Позже, будучи подростком, я воображал, что не доживу до тридцати. Это был разгар холодной войны, когда мир стоял на краю пропасти, ожидая, придет ли в голову какому-нибудь безумцу в Белом доме или Кремле вопрос: «Интересно, а для чего нужна эта кнопка?»
С тех пор часы моей жизни то убыстрялись, то замедлялись. Брак с Джулианой вызвал во мне прилив оптимизма, а рождение Чарли усилило его. Я даже стал ждать почтенной старости, когда мы заменим наши рюкзаки сумками на колесиках, примемся играть с внуками, надоедая им ностальгическими рассказами, заведем эксцентричные привычки…
Теперь будущее станет другим. Вместо яркой жизни, полной открытий, я вижу нечто дрожащее, запинающееся, слюнявое в инвалидной коляске. «Нам обязательно идти навещать отца сегодня? – спросит Чарли. – Он и не поймет, если мы не придем».
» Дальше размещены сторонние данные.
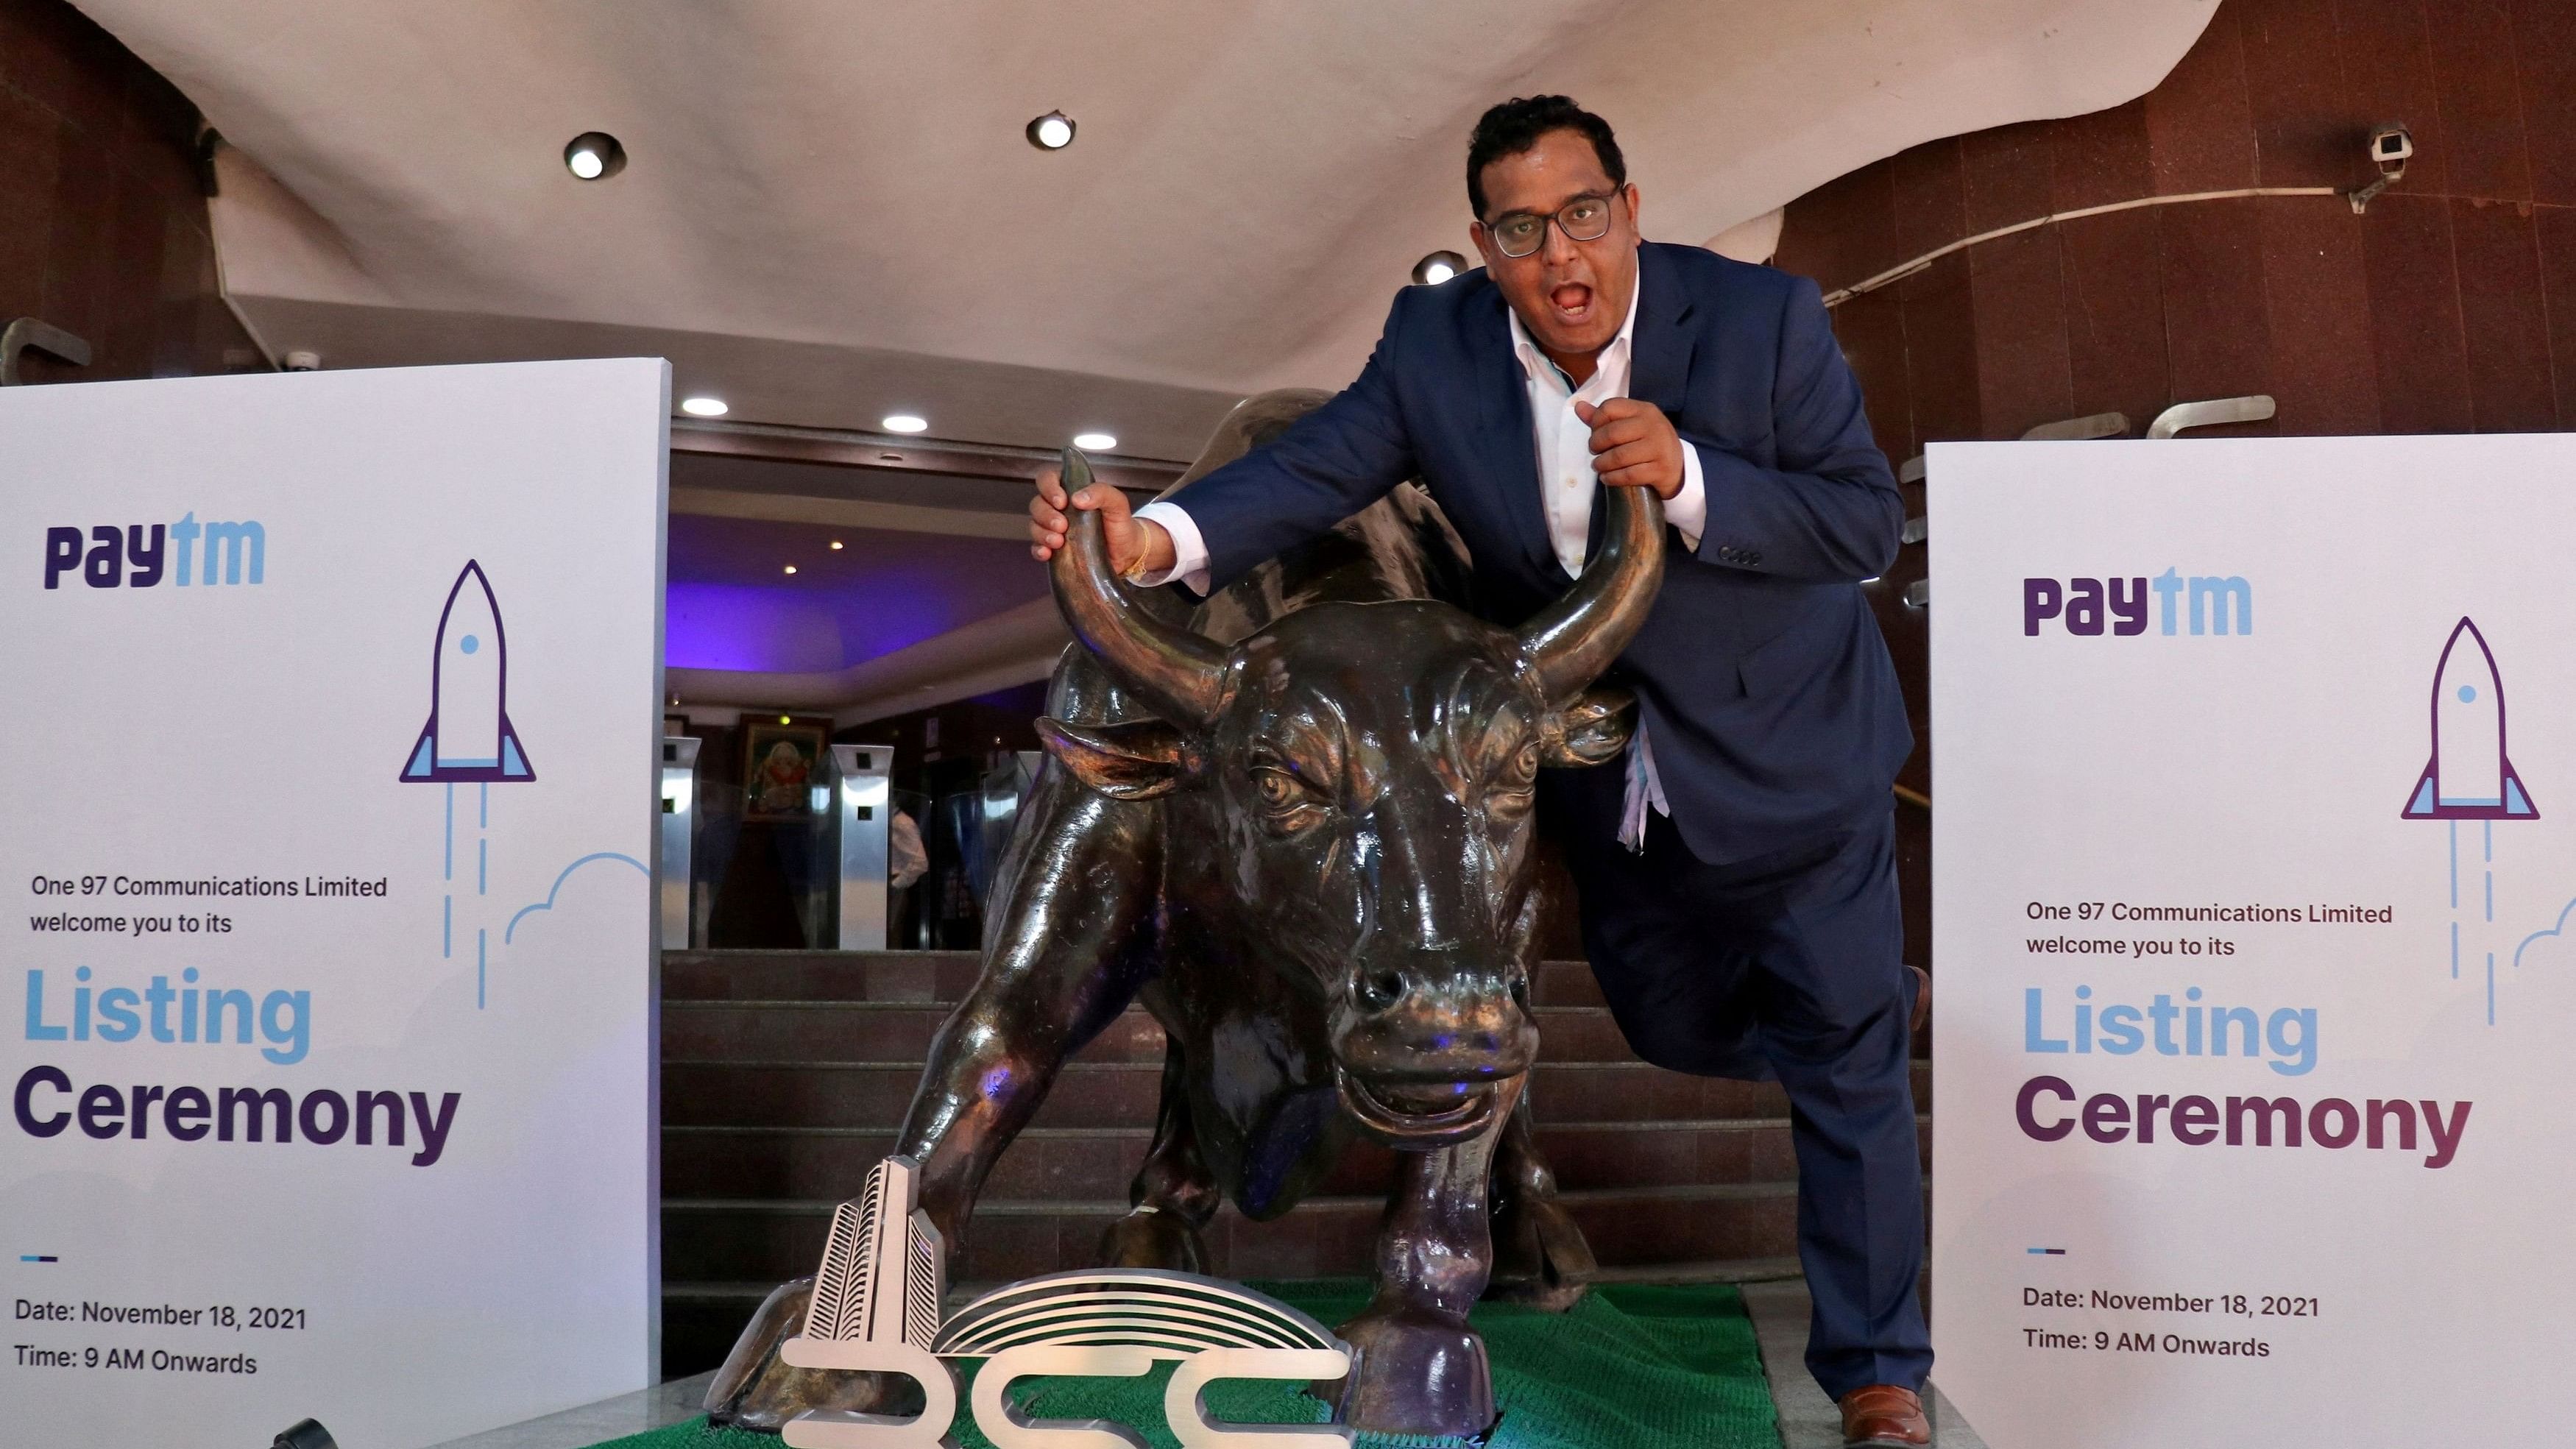 <div class="paragraphs"><p>FILE PHOTO: Paytm founder and CEO Vijay Shekhar Sharma poses with a bronze replica of a bull after the company's IPO listing ceremony at the Bombay Stock Exchange  in Mumbai, India, November 18, 2021. </p></div>

От порыва пронизывающего ветра мои зубы стучат, и я отхожу от ограды. Иду от причала, больше не боясь потеряться. В то же время я чувствую себя уязвимым. Незащищенным.
В гостинице «Альбион» секретарша вяжет и шевелит губами, считая петли. Приглушенный смех доносится откуда-то снизу. Она не обращает на меня внимания, пока не заканчивает ряд. Потом протягивает мне записку. На ней имя и номер телефона учительницы, которая учила Бобби в школе Сент-Мери. Утро наступит уже скоро.
Ступеньки кажутся выше, чем раньше. Я устал и пьян. Я хочу упасть и уснуть.
Я пробуждаюсь внезапно, тяжело дыша. Рука скользит по простыне в поисках Джулианы. Жена обычно просыпается, когда я кричу во сне. Кладет руку мне на грудь и шепчет, что все будет хорошо.
Глубоко дыша, я жду, когда сердце станет биться медленнее, а затем выбираюсь из постели и иду на цыпочках к окну. Улица пуста, если не считать фургончика, развозящего утреннюю прессу. Я осторожно прикасаюсь к уху и чувствую грубые стежки.
На моей подушке кровь.
Дверь открывается. Без стука. Без шума. Я уверен, что запирал ее. Появляется рука: длинные пальцы, красный лак на ногтях. Потом лицо с вульгарным макияжем. Женщина очень худа, у нее коротко стриженные светлые волосы и бледная кожа.
– Ш-ш-ш!
За спиной у нее кто-то хихикает.
– Черт побери, ты затихнешь или нет?
Она нащупывает выключатель. Моя фигура вырисовывается на фоне окна.
– Номер занят.
Ее глаза встречаются с моими, и она в ужасе бормочет ругательство. За ней стоит растрепанный мужчина в плохо сидящем костюме и держит руку под ее блузкой.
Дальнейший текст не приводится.